ACTIVITY: The data that follows is to be given again, exactly as written.

DATASET EXCERPTS:

◆ ◆ ◆ ◆ ◆ ◆ ◆

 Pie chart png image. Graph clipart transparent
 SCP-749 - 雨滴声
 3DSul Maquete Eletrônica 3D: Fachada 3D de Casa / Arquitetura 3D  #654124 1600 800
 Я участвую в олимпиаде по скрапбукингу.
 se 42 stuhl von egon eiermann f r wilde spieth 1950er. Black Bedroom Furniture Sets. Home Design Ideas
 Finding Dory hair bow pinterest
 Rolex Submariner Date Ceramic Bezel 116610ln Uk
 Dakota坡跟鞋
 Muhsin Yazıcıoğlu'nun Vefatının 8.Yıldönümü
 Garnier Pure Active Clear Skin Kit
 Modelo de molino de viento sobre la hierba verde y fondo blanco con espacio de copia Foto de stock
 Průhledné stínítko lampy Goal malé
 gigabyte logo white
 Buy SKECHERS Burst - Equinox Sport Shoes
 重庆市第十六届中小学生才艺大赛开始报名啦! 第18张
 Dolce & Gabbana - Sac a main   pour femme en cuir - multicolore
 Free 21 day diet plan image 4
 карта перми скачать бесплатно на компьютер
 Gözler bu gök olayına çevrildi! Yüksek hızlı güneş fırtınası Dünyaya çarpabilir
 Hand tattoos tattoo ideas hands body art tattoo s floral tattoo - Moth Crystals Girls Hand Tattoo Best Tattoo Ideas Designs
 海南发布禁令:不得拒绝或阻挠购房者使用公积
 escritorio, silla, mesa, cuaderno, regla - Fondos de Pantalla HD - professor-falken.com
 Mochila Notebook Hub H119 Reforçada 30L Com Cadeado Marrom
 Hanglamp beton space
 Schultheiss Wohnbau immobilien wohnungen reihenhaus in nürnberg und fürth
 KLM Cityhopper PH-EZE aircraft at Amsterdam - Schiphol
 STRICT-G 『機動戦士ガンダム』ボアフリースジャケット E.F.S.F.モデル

◆ ◆ ◆ ◆ ◆ ◆ ◆

WRITTEN SOLUTION:
 Pie chart png image. Graph clipart transparent
 SCP-749 - 雨滴声
 3DSul Maquete Eletrônica 3D: Fachada 3D de Casa / Arquitetura 3D  #654124 1600 800
 Я участвую в олимпиаде по скрапбукингу.
 se 42 stuhl von egon eiermann f r wilde spieth 1950er. Black Bedroom Furniture Sets. Home Design Ideas
 Finding Dory hair bow pinterest
 Rolex Submariner Date Ceramic Bezel 116610ln Uk
 Dakota坡跟鞋
 Muhsin Yazıcıoğlu'nun Vefatının 8.Yıldönümü
 Garnier Pure Active Clear Skin Kit
 Modelo de molino de viento sobre la hierba verde y fondo blanco con espacio de copia Foto de stock
 Průhledné stínítko lampy Goal malé
 gigabyte logo white
 Buy SKECHERS Burst - Equinox Sport Shoes
 重庆市第十六届中小学生才艺大赛开始报名啦! 第18张
 Dolce & Gabbana - Sac a main   pour femme en cuir - multicolore
 Free 21 day diet plan image 4
 карта перми скачать бесплатно на компьютер
 Gözler bu gök olayına çevrildi! Yüksek hızlı güneş fırtınası Dünyaya çarpabilir
 Hand tattoos tattoo ideas hands body art tattoo s floral tattoo - Moth Crystals Girls Hand Tattoo Best Tattoo Ideas Designs
 海南发布禁令:不得拒绝或阻挠购房者使用公积
 escritorio, silla, mesa, cuaderno, regla - Fondos de Pantalla HD - professor-falken.com
 Mochila Notebook Hub H119 Reforçada 30L Com Cadeado Marrom
 Hanglamp beton space
 Schultheiss Wohnbau immobilien wohnungen reihenhaus in nürnberg und fürth
 KLM Cityhopper PH-EZE aircraft at Amsterdam - Schiphol
 STRICT-G 『機動戦士ガンダム』ボアフリースジャケット E.F.S.F.モデル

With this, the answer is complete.